Issue not resolved at this end with a preliminary non-production build with a to fix libbitcoin-node commit cfa23214906172df9bb5f569b0352f1582ea1005 to file responder.cpp documented at https://github.com/libbitcoin/libbitcoin-server/issues/136.

thecodefactory commented 8 years ago

I can test on mainnet -- but just to clarify, you're both testing @thecodefactory/libbitcoin, correct? The PR was not merged before the large merge to master from @evoskuil

If so, might also be a good idea to test master from all of the trees before that large merge in case another regression was added despite that fix.

skaht commented 8 years ago

That thought went through my mind after my last post. Looked at the postings at https://github.com/thecodefactory and noticed they pointed me back to Eric's distribution. Point me to your distributions and I'll give them a test drive.

thecodefactory commented 8 years ago

The code is here: https://github.com/thecodefactory/libbitcoin/tree/bugfix1

But it's not that simple since I rebased all dependent trees against master after the merge from @evoskuil

So in other words, it can't work as intended any longer.
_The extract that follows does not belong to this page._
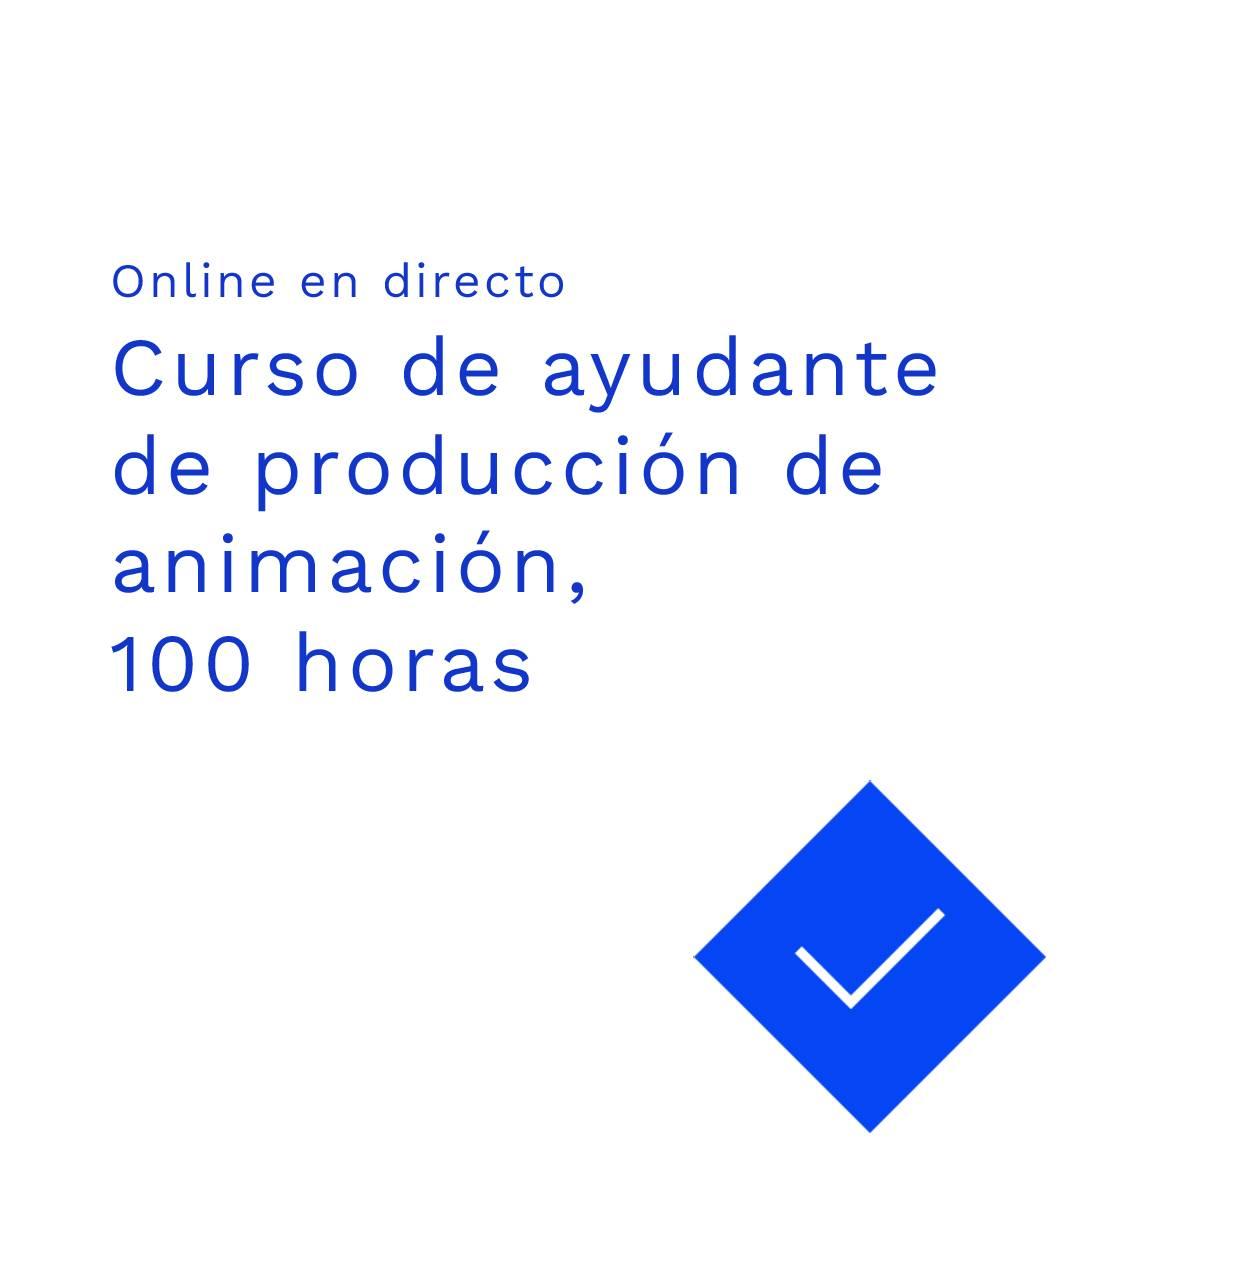 Curso ayudante de producción de animación

I can try to track down what the state of the trees looked like before the merge because I can confirm that worked here. I'd say to hang tight for a minute while I track that down.
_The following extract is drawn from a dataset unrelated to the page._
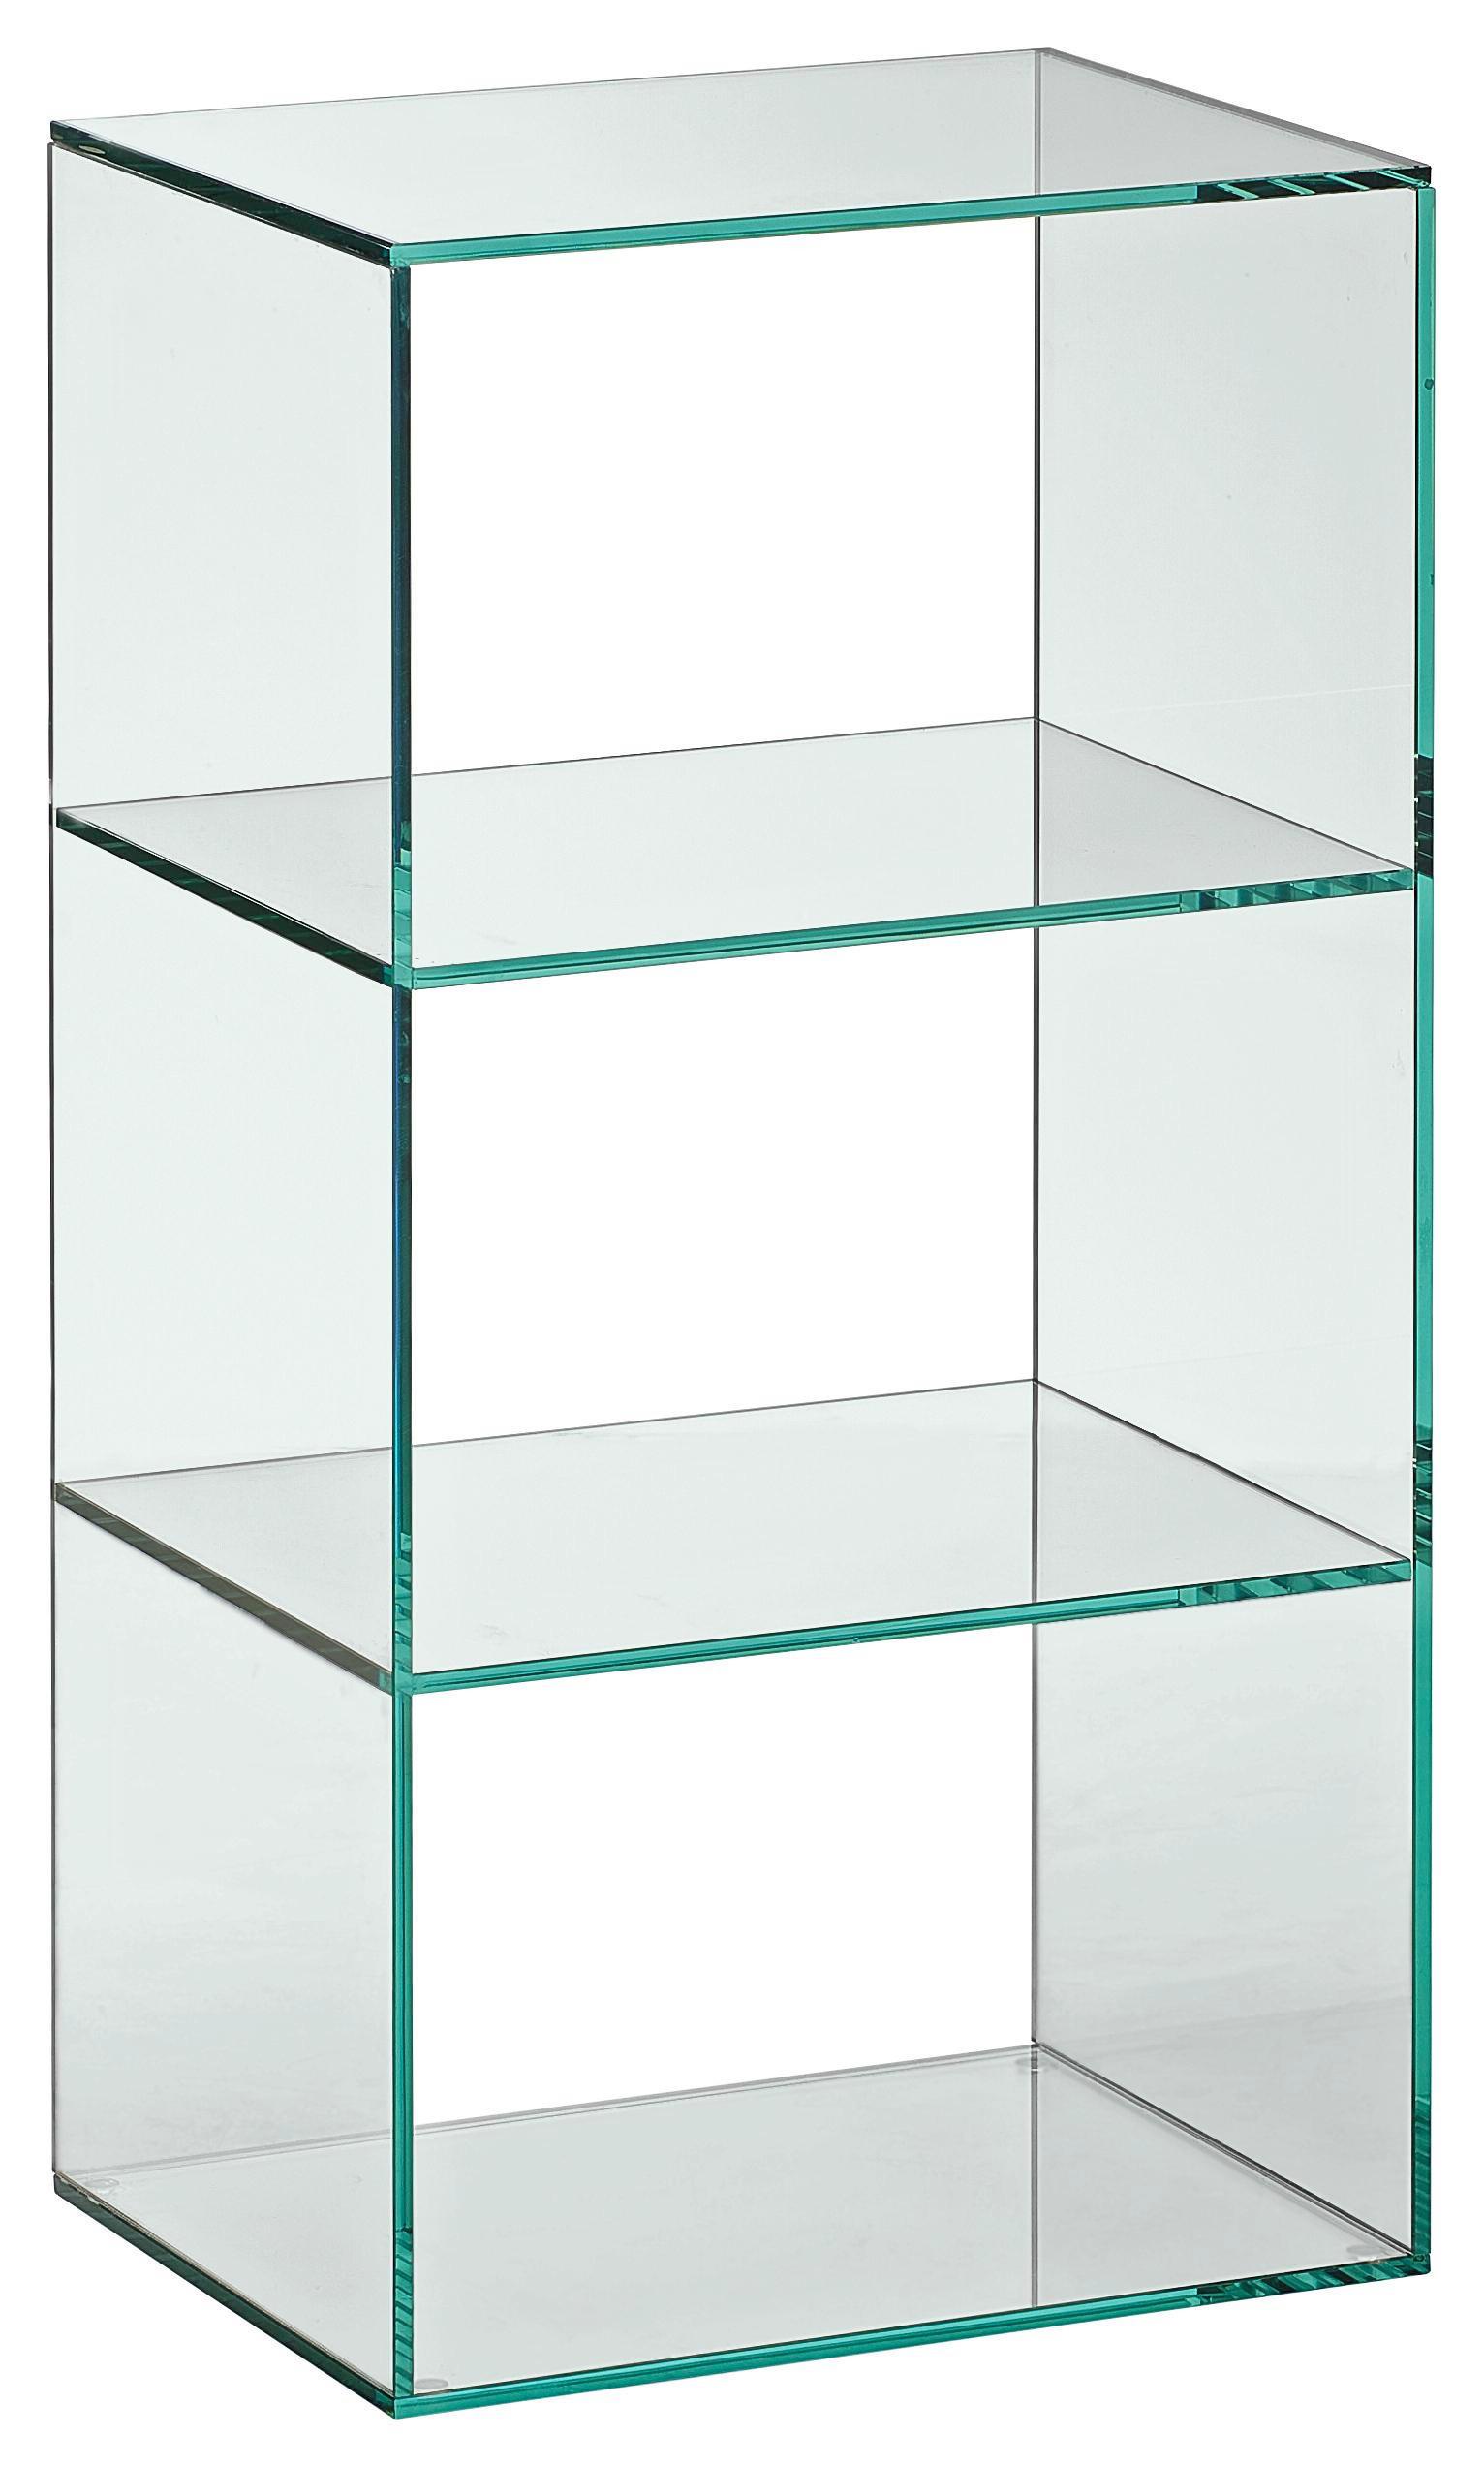 Regal mit Fächern aus Glas online entdecken

skaht commented 8 years ago

Still a github newbie. Was using bb9c7aeacba81e3ed869d89d1a2352b6de57b786 for libbitcoin. Noticed that src/chain/operation.cpp did not match the changes at https://github.com/thecodefactory/libbitcoin/commit/a214f9549b3445d11baa92a951f7d4c1a8f6bafb.

skaht commented 8 years ago

Will apply https://github.com/thecodefactory/libbitcoin/blob/a214f9549b3445d11baa92a951f7d4c1a8f6bafb/src/chain/operation.cpp that bb9c7aeacba81e3ed869d89d1a2352b6de57b786 appears to be missing.

thecodefactory commented 8 years ago

I wouldn't recommend that -- let me find the correct version.

skaht commented 8 years ago

You are correct... The testsuite failed after I updated the operation.cpp file. Greatly appreciate your assistance.

thecodefactory commented 8 years ago

Better yet, I think I see the issue and want to test it against the latest master. There is a bug in the PR, so best it wasn't merged. Will try to rebase and test against current master.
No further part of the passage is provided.